Spending per capita is calculated by dividing a city's total expenditure (or specific department expenditure) by its population. This normalization allows meaningful comparison between cities of very different sizes. A city of 50,000 spending $200 million and a city of 500,000 spending $2 billion both spend $4,000 per capita on government services. We calculate per-capita figures for total spending and for each major department category (police, fire, parks, public works, etc.) so you can see exactly where your city spends more or less than its peers.

Why does pension funding matter for city finances?

Pension obligations are often the largest long-term liability on a city's balance sheet. When a city's pension fund is underfunded (assets are less than the promised future benefits), the city must make larger annual contributions to close the gap, crowding out spending on current services like police, roads, and parks. Cities with severely underfunded pensions, like some that have entered fiscal emergencies, may face pressure to raise taxes, cut services, or reduce benefits. Our Fiscal Health Score weights pension funding at 20% because it is one of the strongest predictors of a city's long-term financial stability.

What is revenue diversity and why does it matter?

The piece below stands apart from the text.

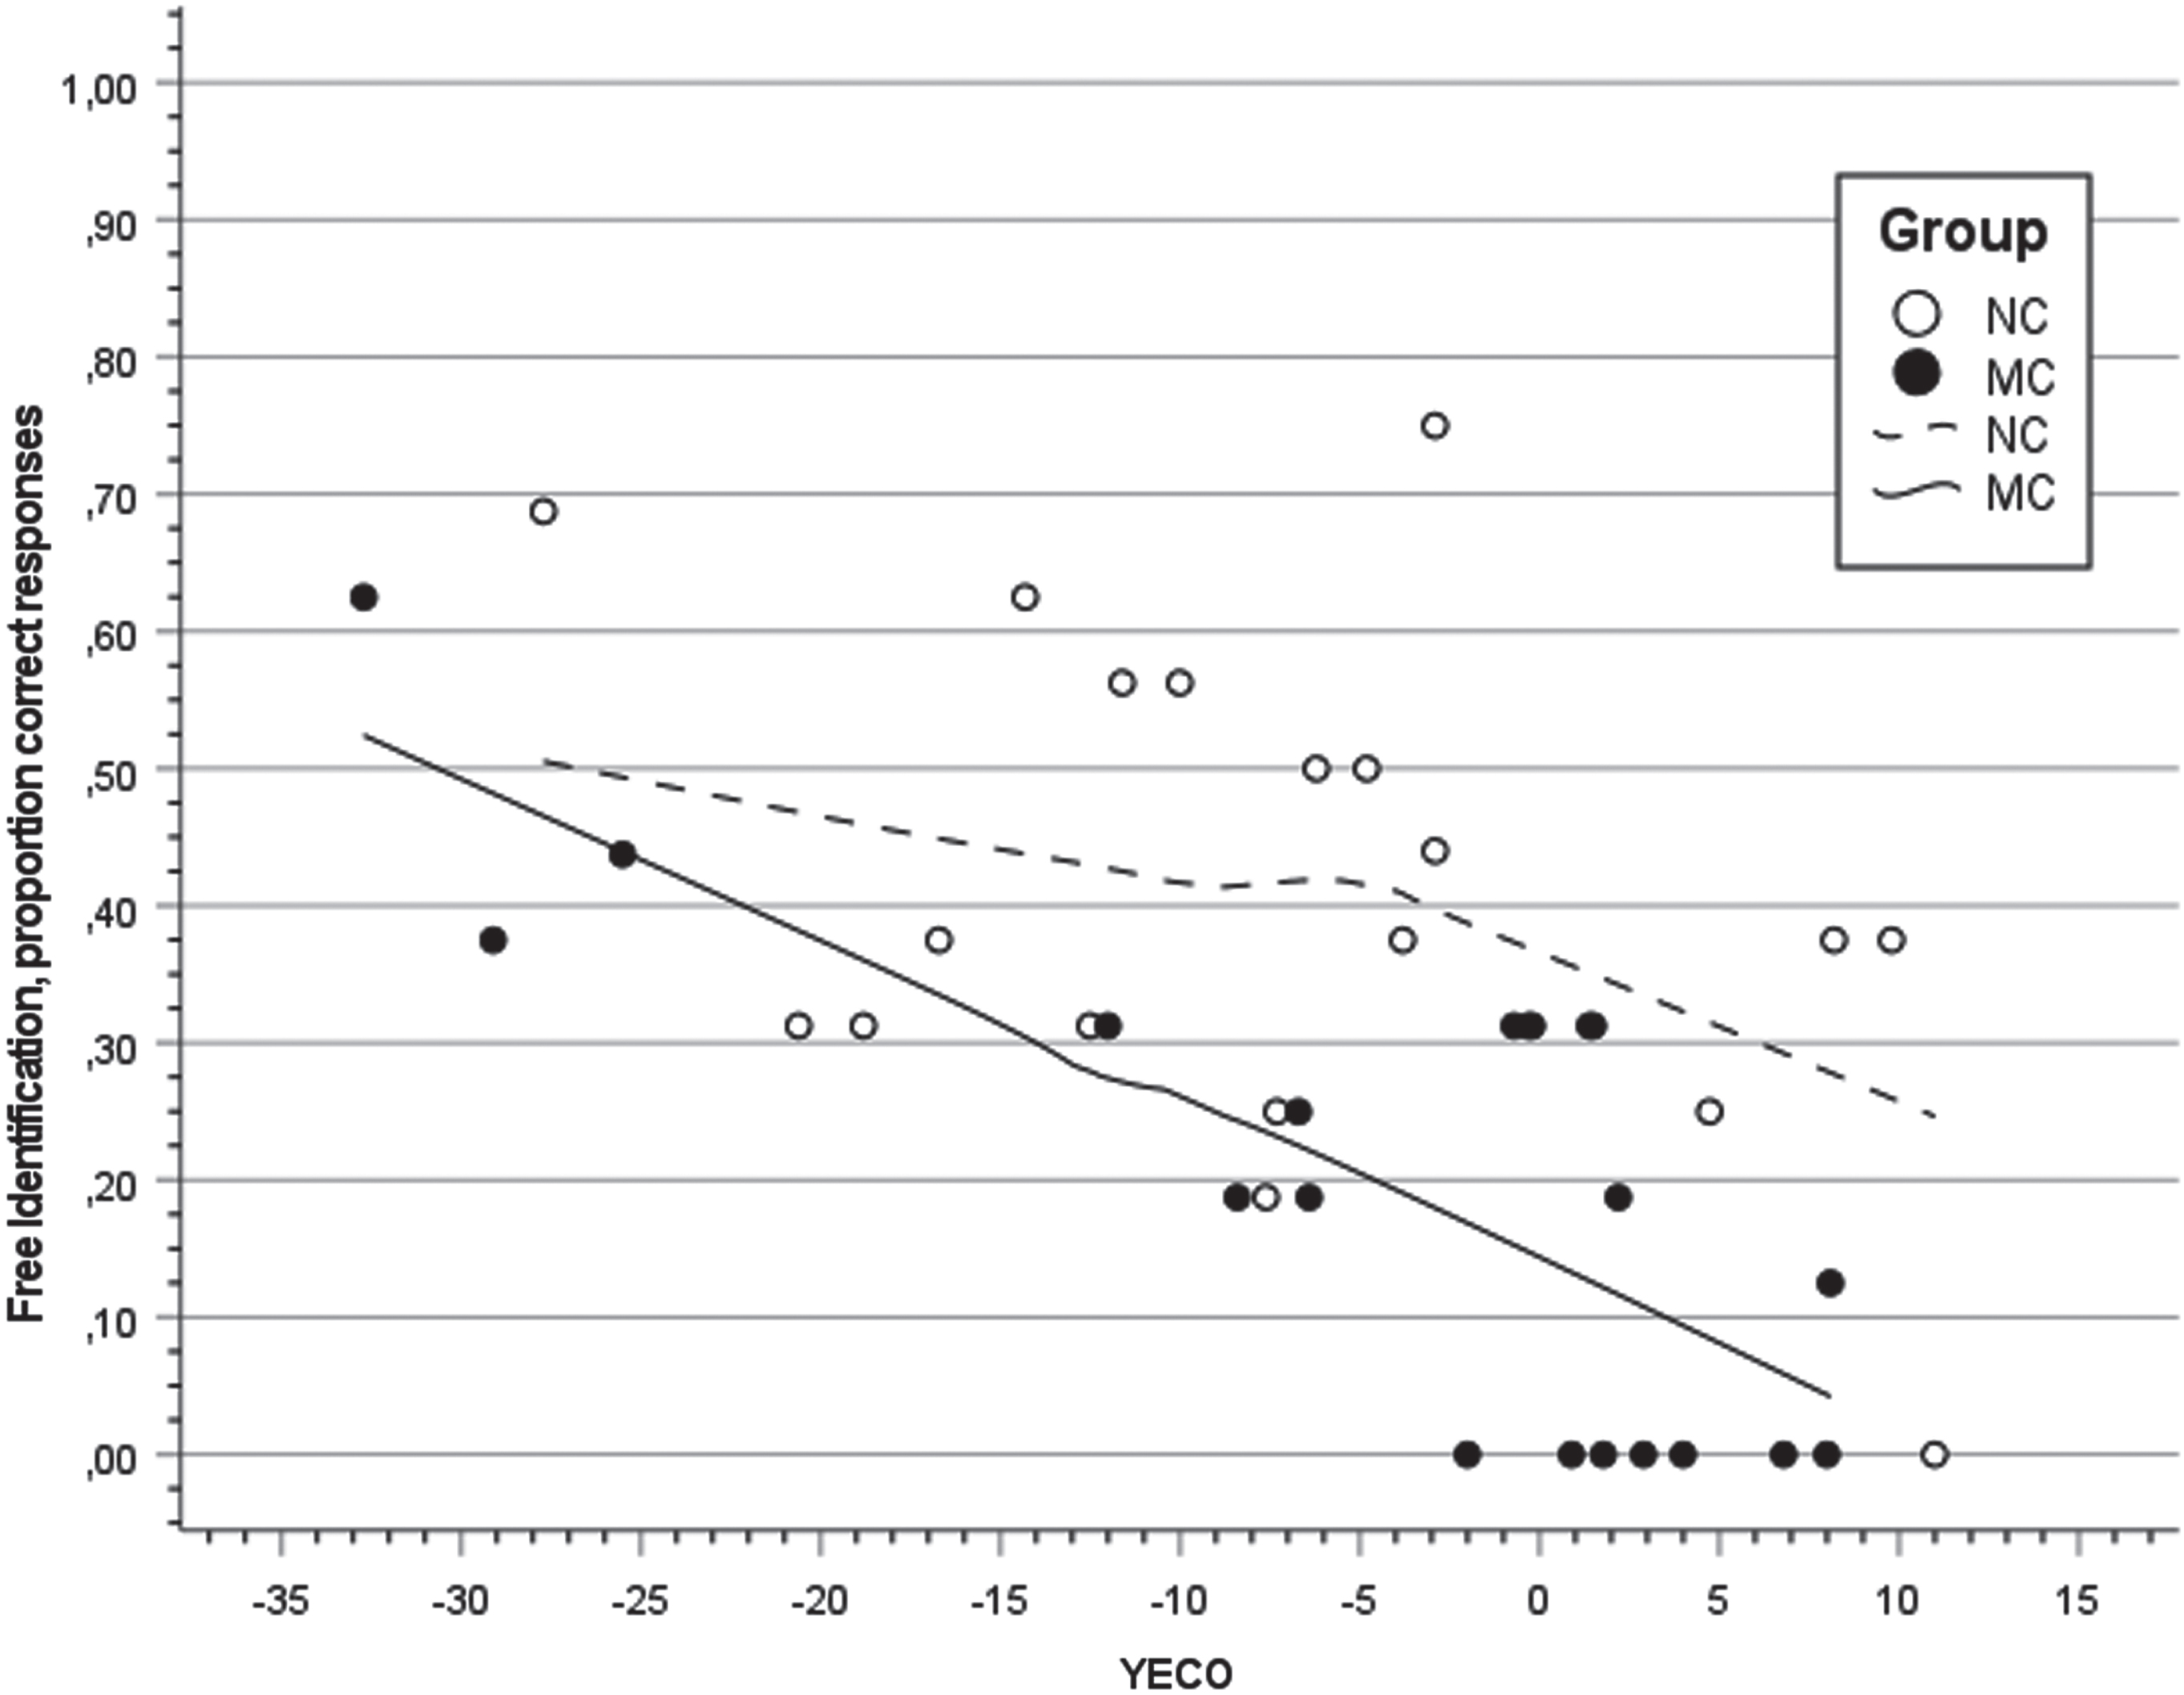 Scatter plot and regression lines with locally estimated smoothing for the proportion of free odor identification in relation to Years to Estimated Clinical Onset (YECO) inmutation carriers (MC; filled black) and non-carriers (NC; unfilled).
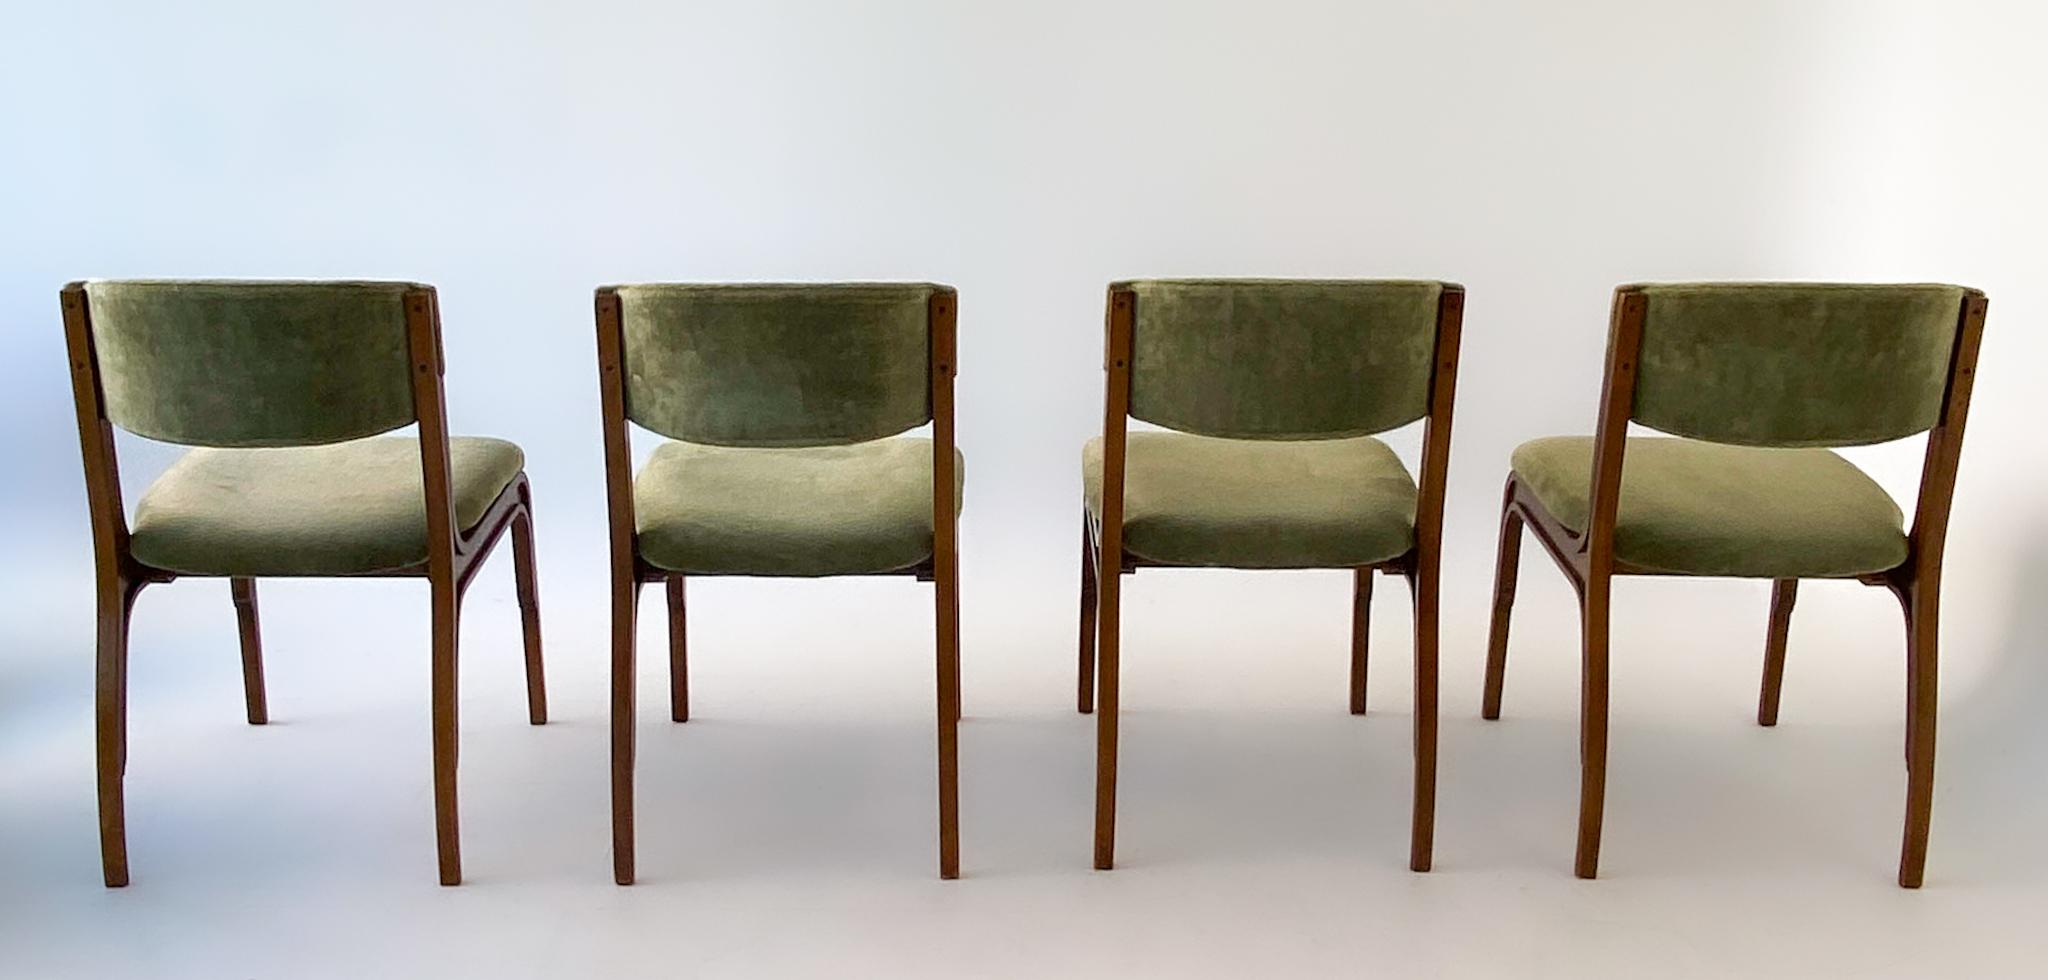 Mid-20th Century Mid-Century Modern Velvet Dining Chairs by Gianfranco Frattini, Italy 1960s

Revenue diversity measures how many different sources a city relies on for income, including property taxes, sales taxes, income taxes, fees, fines, intergovernmental transfers, and utility revenue. Cities that depend heavily on a single revenue source are more vulnerable to economic shocks. For example, a city that gets 70% of revenue from sales tax will see a sharp budget decline during a recession when consumer spending drops. Cities with diversified revenue streams can better absorb downturns because different sources respond differently to economic conditions. Our score rewards cities with balanced revenue portfolios.